Exclude images, then output the remaining data verbatim.

• EXERCISE DATA:
==============================
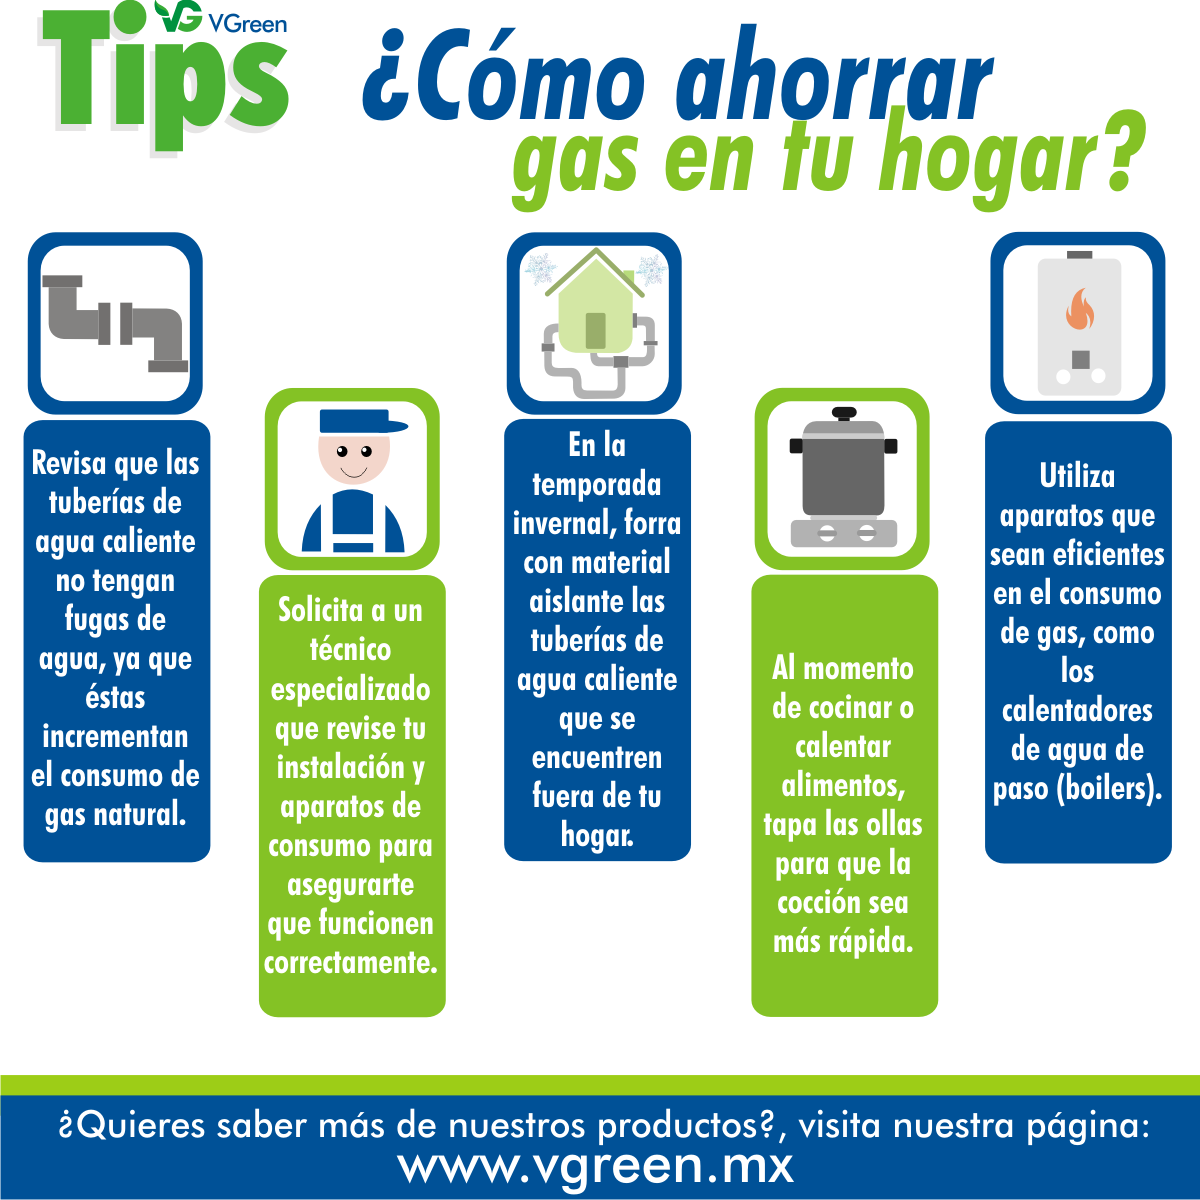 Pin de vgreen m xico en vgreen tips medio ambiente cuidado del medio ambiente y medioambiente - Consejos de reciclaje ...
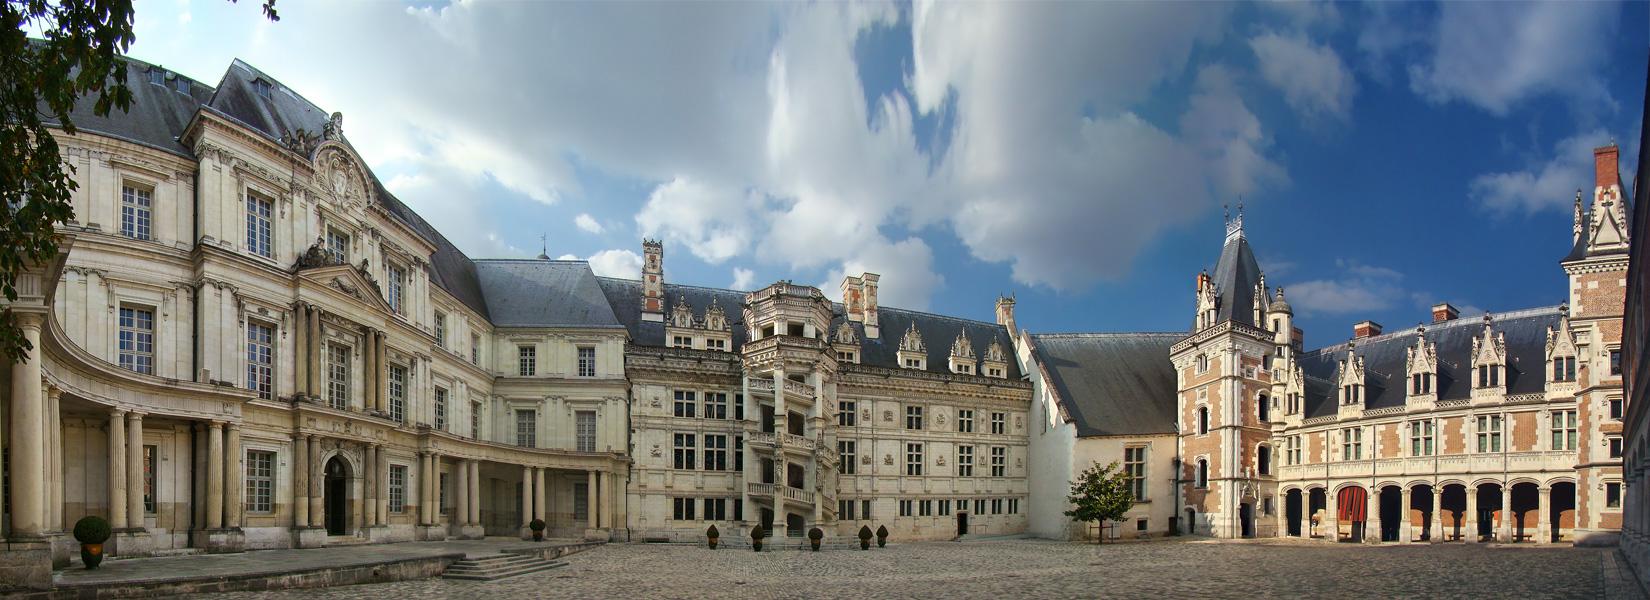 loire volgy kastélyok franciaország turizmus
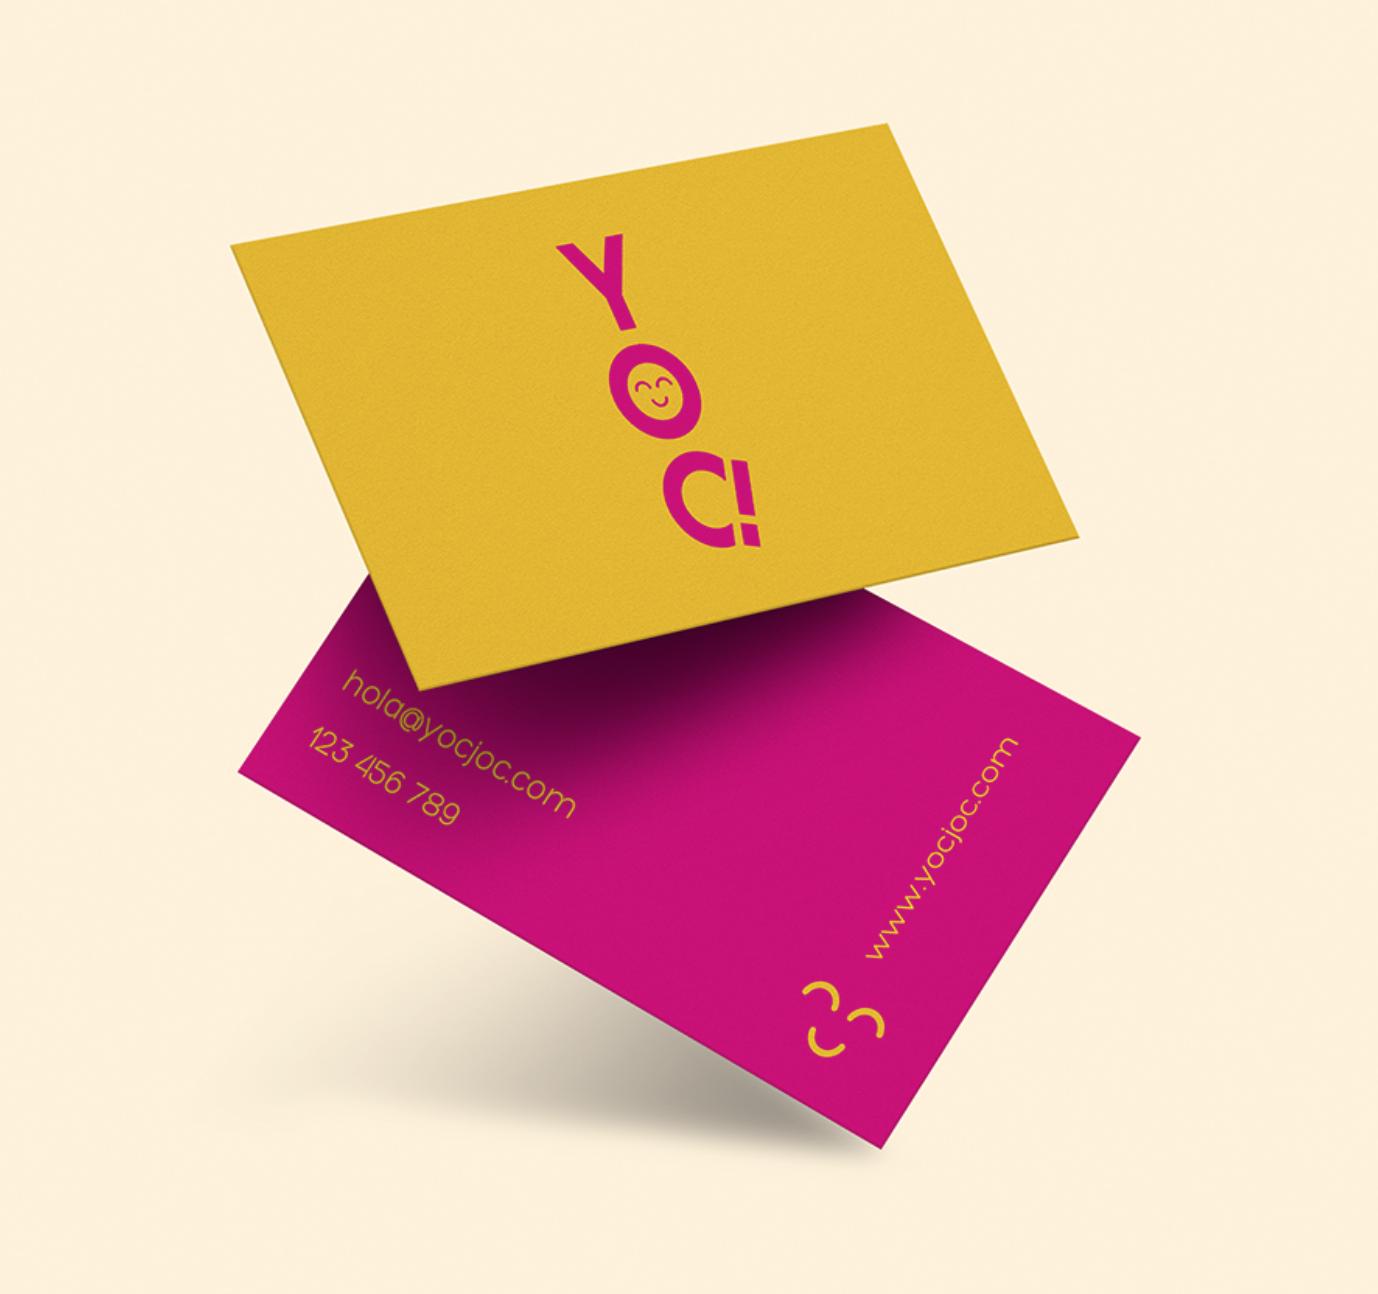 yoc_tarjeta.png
==============================
• WRITTEN ANSWER:
 Pin de vgreen m xico en vgreen tips medio ambiente cuidado del medio ambiente y medioambiente - Consejos de reciclaje ...
 loire volgy kastélyok franciaország turizmus
 yoc_tarjeta.png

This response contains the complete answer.